Background subtraction is the algorithmic process that segments out the region of interest often known as foreground from the background. Extensive literature and numerous algorithms exist in this domain, but most research have focused on videos captured by static cameras. The proliferation of portable platforms equipped with cameras has resulted in a large amount of video data being generated from moving cameras. This motivates the need for foundational algorithms for foreground/background segmentation in videos from moving cameras. In this dissertation, I propose three new types of background subtraction algorithms for moving cameras based on appearance, motion, and a combination of them. Comprehensive evaluation of the proposed approaches on publicly available test sequences show superiority of our system over state-of-the-art algorithms.
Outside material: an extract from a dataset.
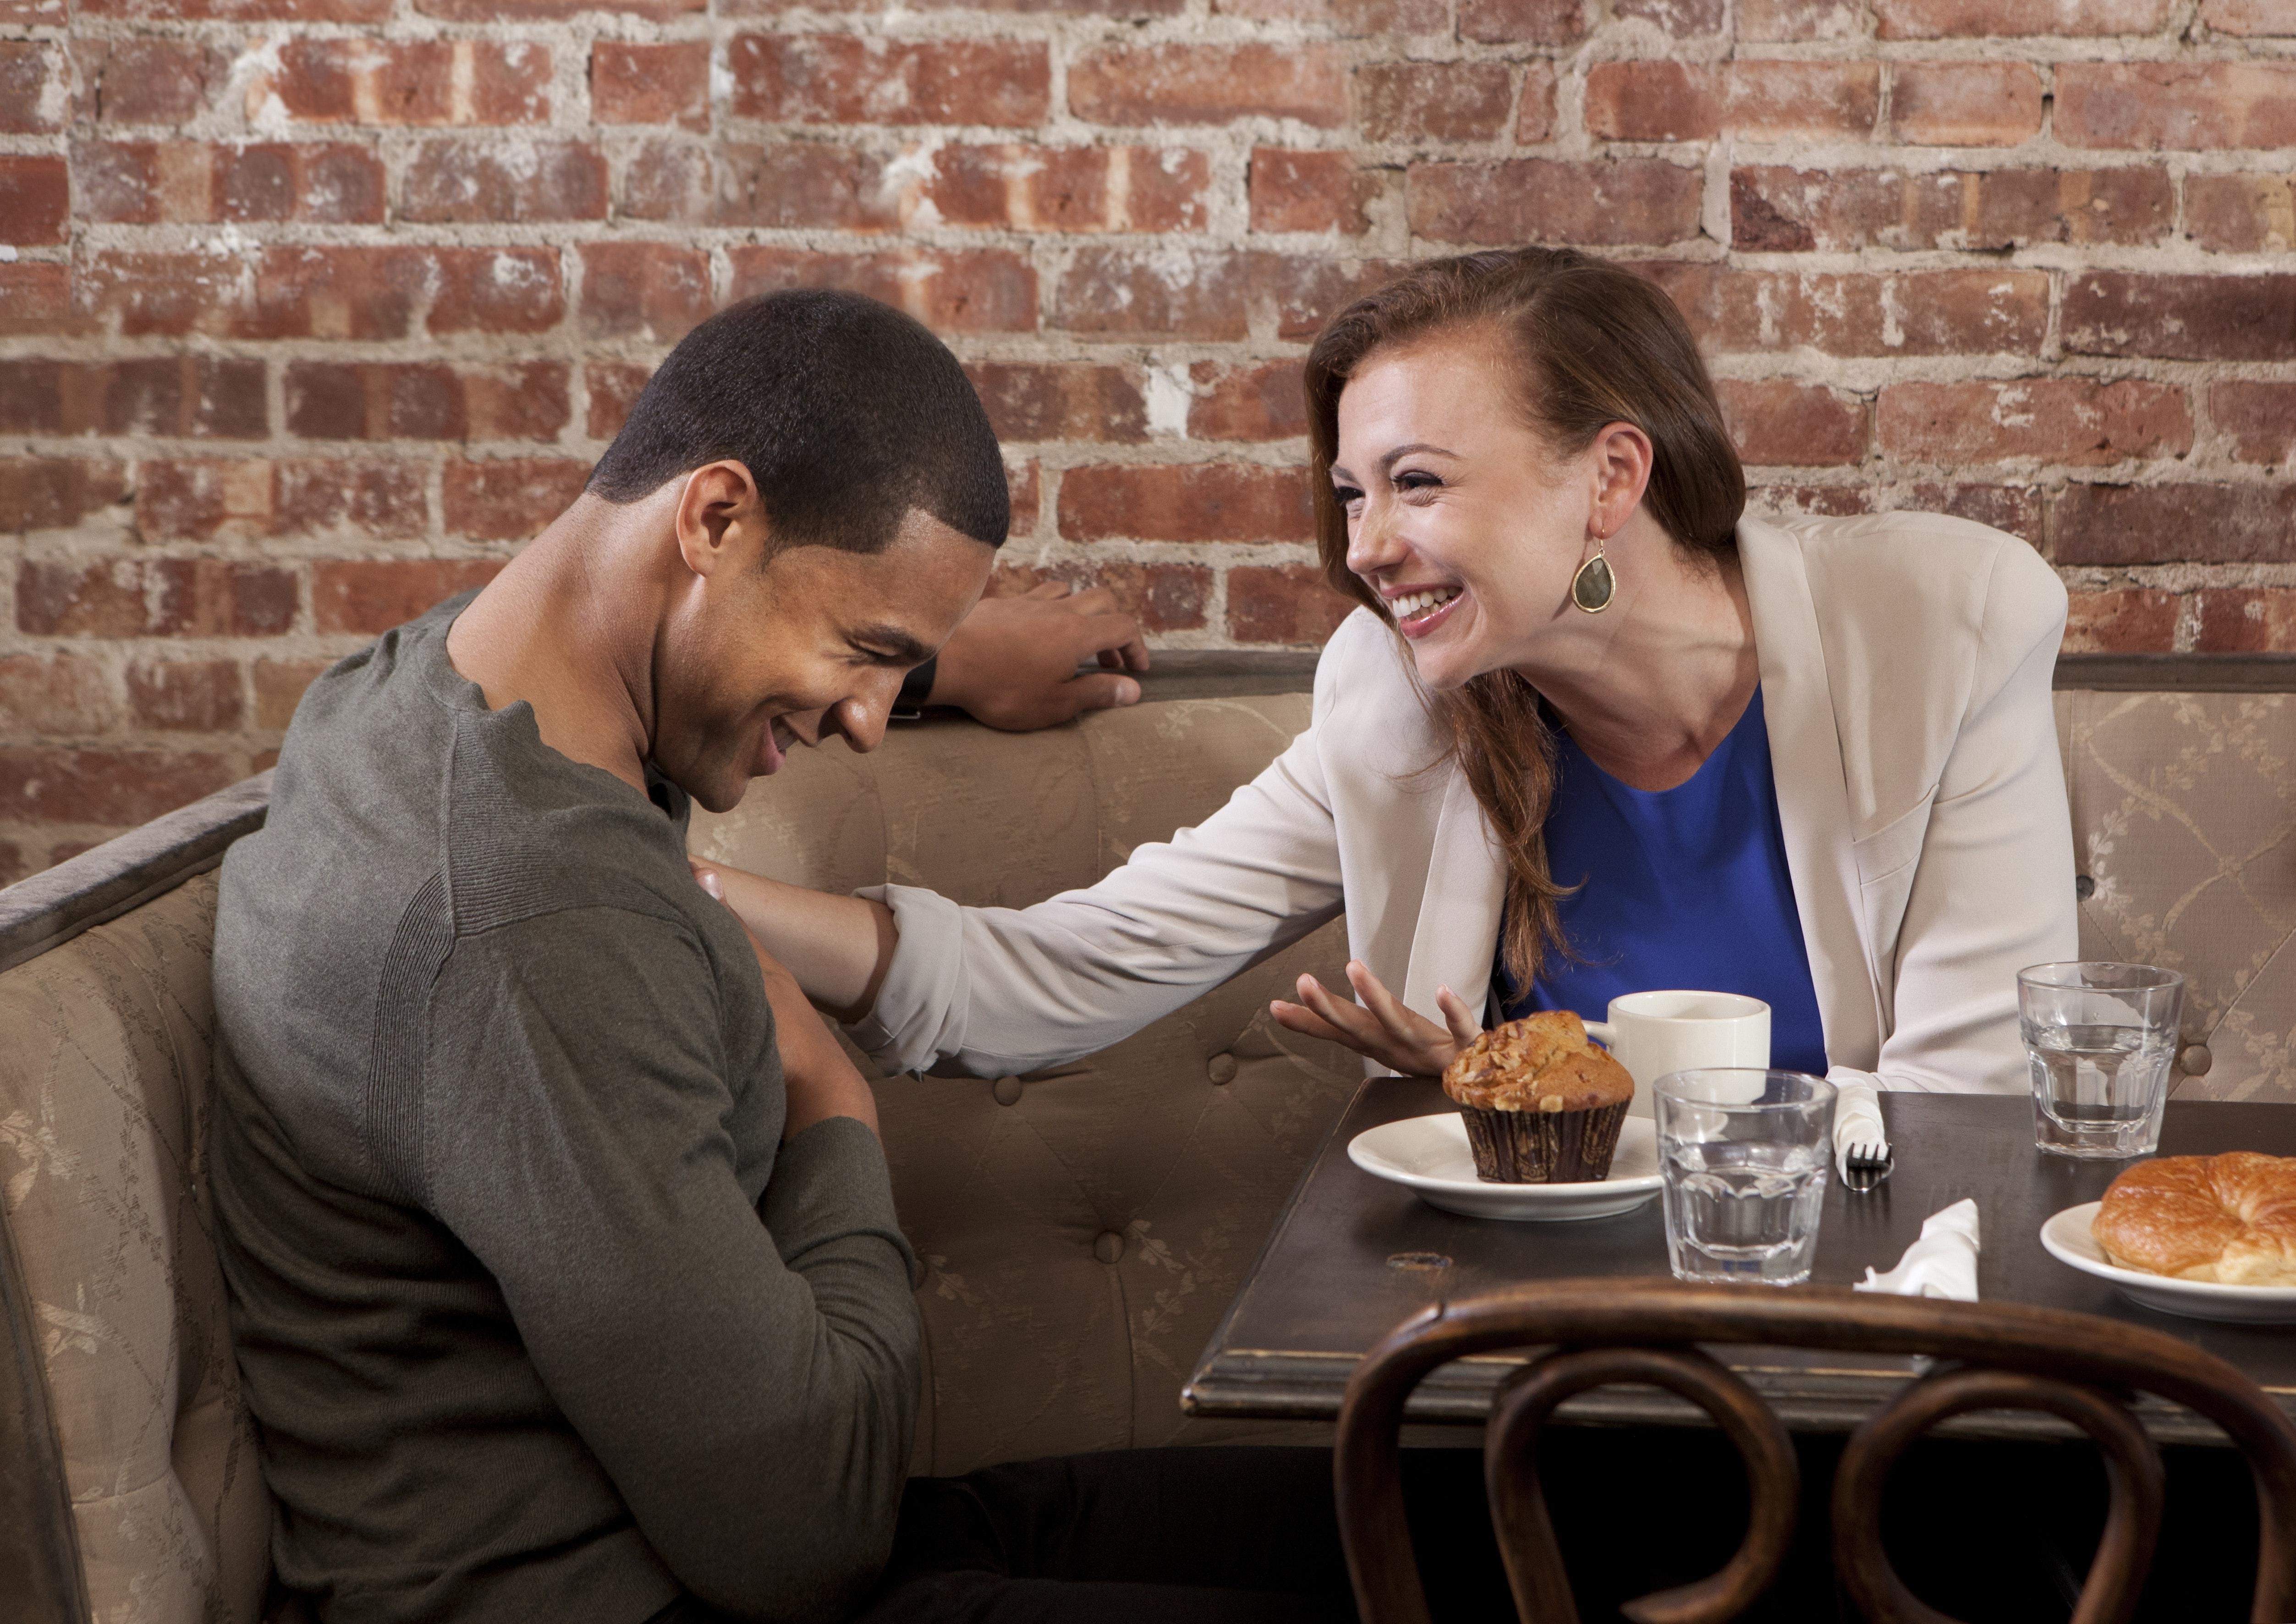 date med kjæresten dating a woman
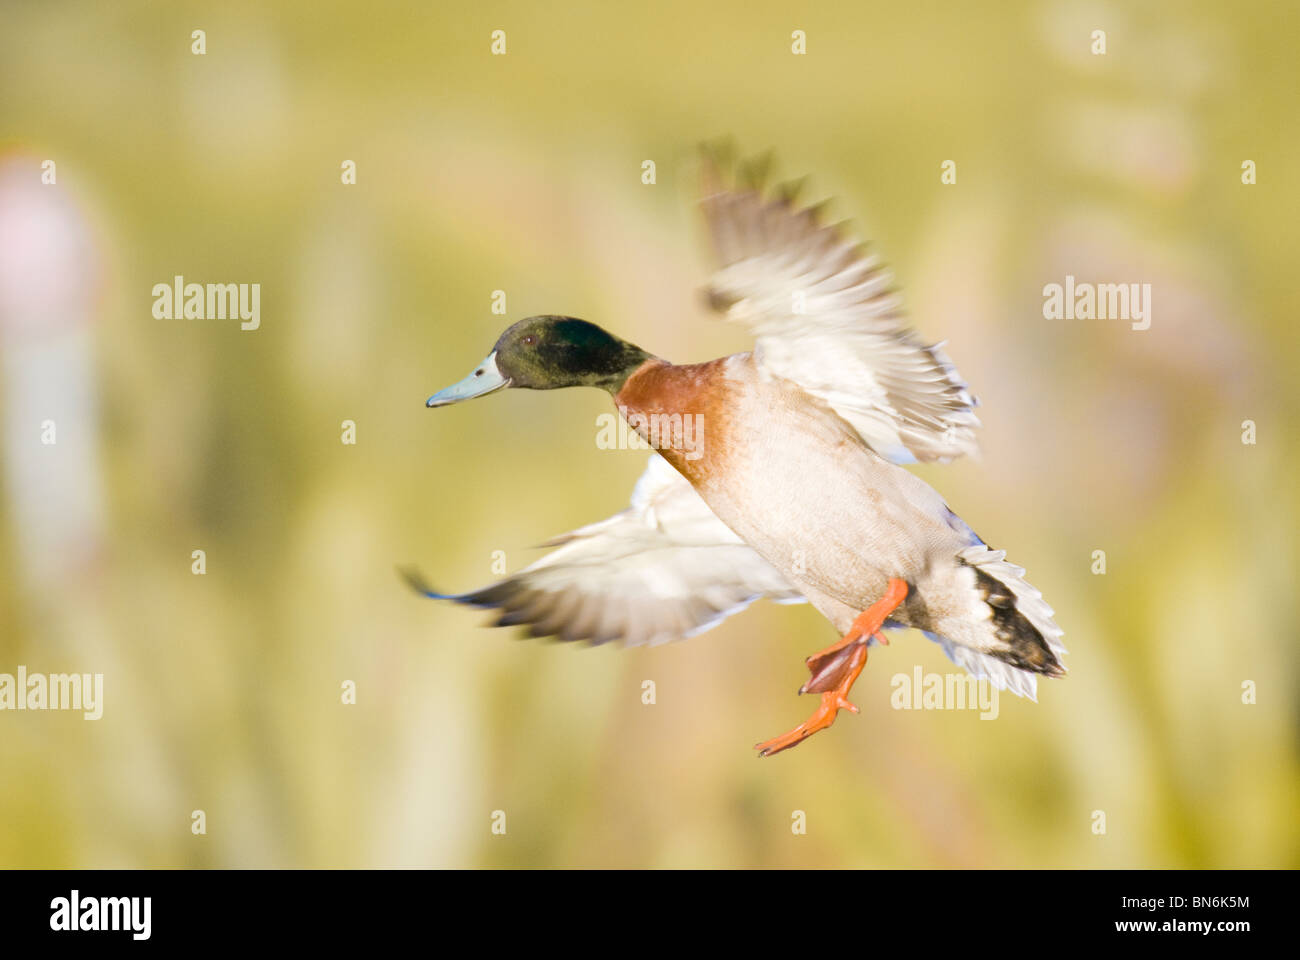 Male Mallard Duck  Anas platyrhynchos flying New Zealand - Stock Image

The first method is an appearance-based global modeling of foreground and background. Features are extracted by sliding a fixed size window over the entire image without any spatial constraint to accommodate arbitrary camera movements. Supervised learning method is then used to build foreground and background models. This method is suitable for limited scene scenarios such as Pan-Tilt-Zoom surveillance cameras. The second method relies on motion. It comprises of an innovative background motion approximation mechanism followed by spatial regulation through a Mega-Pixel denoising process. This work does not need to maintain any costly appearance models and is therefore appropriate for resource constraint ego-vision systems. The proposed segmentation combined with skin cues is validated by a novel application on authenticating hand-gestured signature captured by wearable cameras. The third method combines both motion and appearance. Foreground probabilities are jointly estimated by motion and appearance. After the mega-pixel denoising process, the probability estimates and gradient image are combined by Graph-Cut to produce the segmentation mask. This method is universal as it can handle all types of moving cameras.